3-Yargılama harç ve giderleri bakımından kurulan hükümlerde ise, davalı ... bakımından manevi tazminat istemi hakkında kabul kararı verilmediği halde, yargılama harç giderleri bakımından her iki davalı için birlikte hüküm
kurulmuştur. Oysa HUMK’nun 417. maddesine göre, tarafların haklı çıktıkları oranda yargılama giderlerinin paylaştırılması gerekir.
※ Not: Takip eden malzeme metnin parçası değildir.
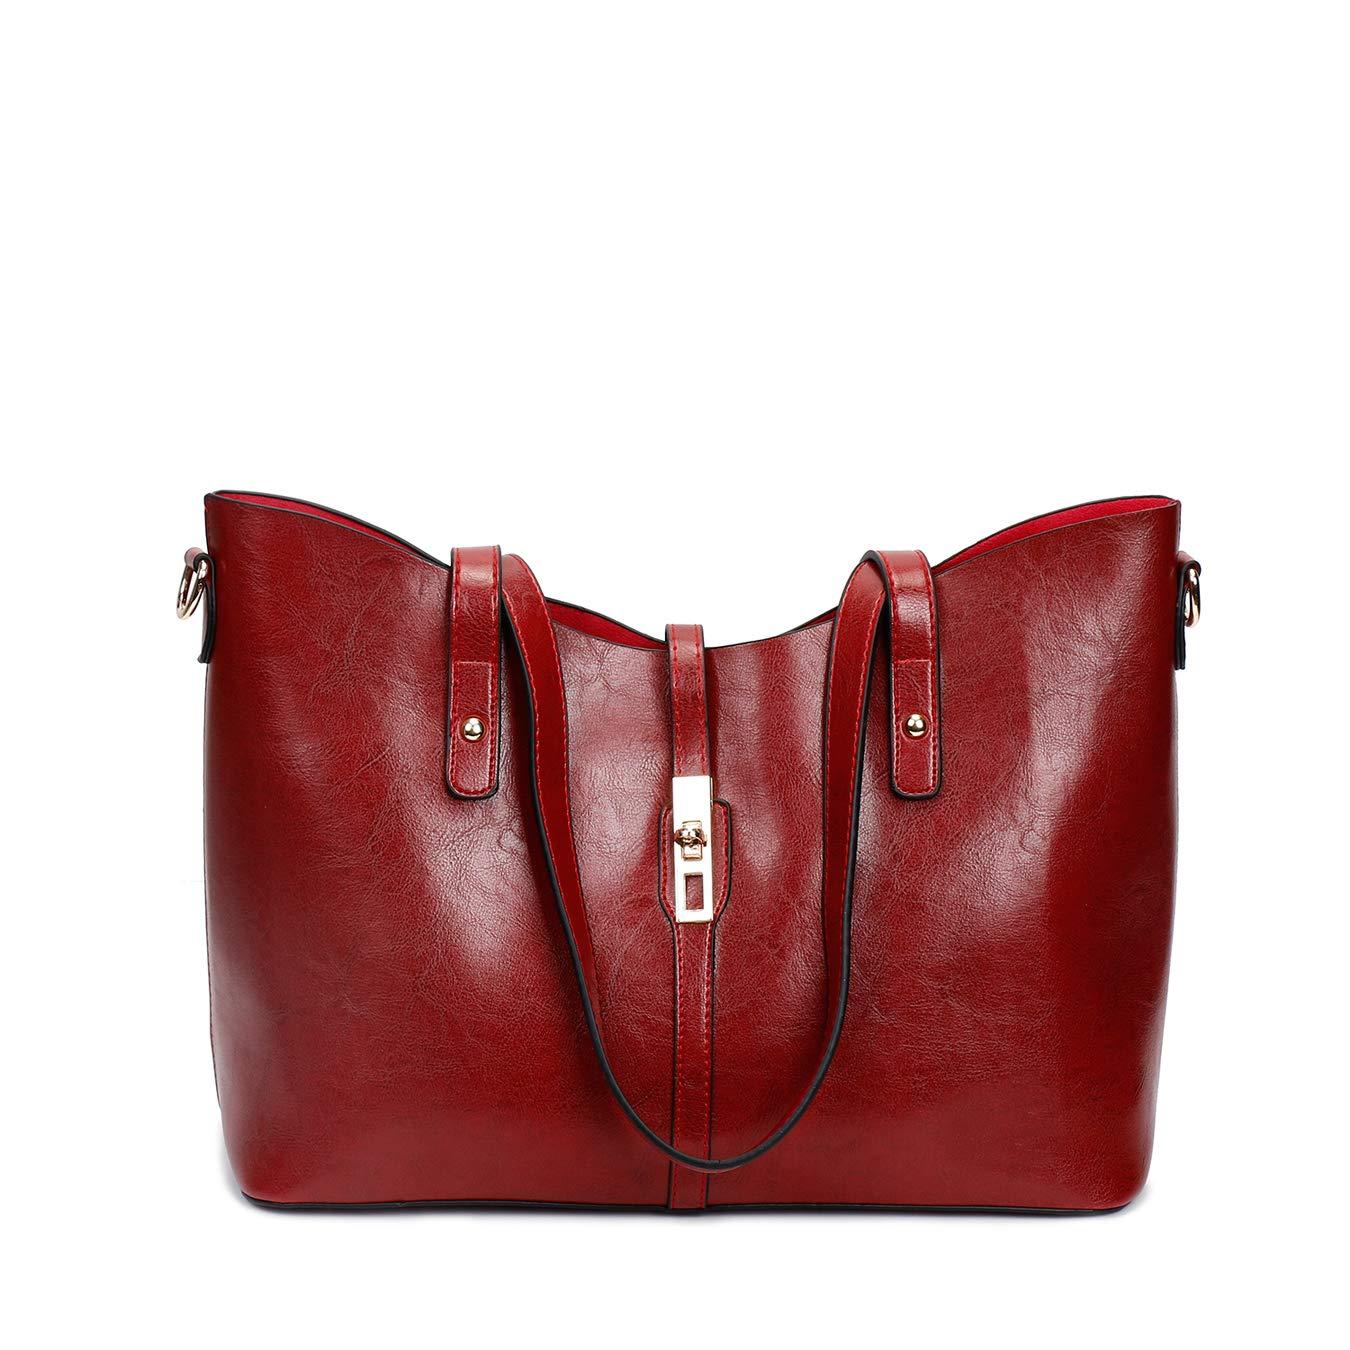 Large Purses Sets Handbags for Women Leather Tote Hobo Bags 4pcs

Bu itibarla, yukarıda her iki bentte açıklanan nedenlerle, davalı ... vekilinin temyiz itirazları yerinde olup, bu nedenle hükmün bozulması gerekmiş ise de anılan yanlışlıkların düzeltilmesi yeniden yargılama yapılmasını gerektirir nitelikte görülmediğinden hükmün HUMK’nun 438/7. maddesi uyarınca düzeltilerek onanması uygun görülmüştür.
SONUÇ: Yukarıda 1 numaralı bentte açıklanan nedenlerle davalı ... vekilinin diğer temyiz itirazlarının reddine, 2 ve 3 numaralı bentte açıklanan nedenlerle temyiz itirazlarının kabulü ile, hüküm fıkrasının 2. bendinin sonuna, “davalı ... bakımından dava tarihinden faiz uygulanmasına” ibaresinin ve 5. ile 11. bendin sonuna “Davalı sigortanın yalnızca hükmedilen maddi tazminatın toplam tazminata oranı üzerinden sorumlu tutulmasına” ibaresinin eklenmesine, hükmün bu şekilde DÜZELTİLEREK ONANMASINA ve aşağıda dökümü yazılı 3.725,00 TL kalan onama harcının temyiz eden davalı Ergo İsviçre Sigorta AŞ"nden alınmasına 3.5.2010 gününde oybirliğiyle karar verildi.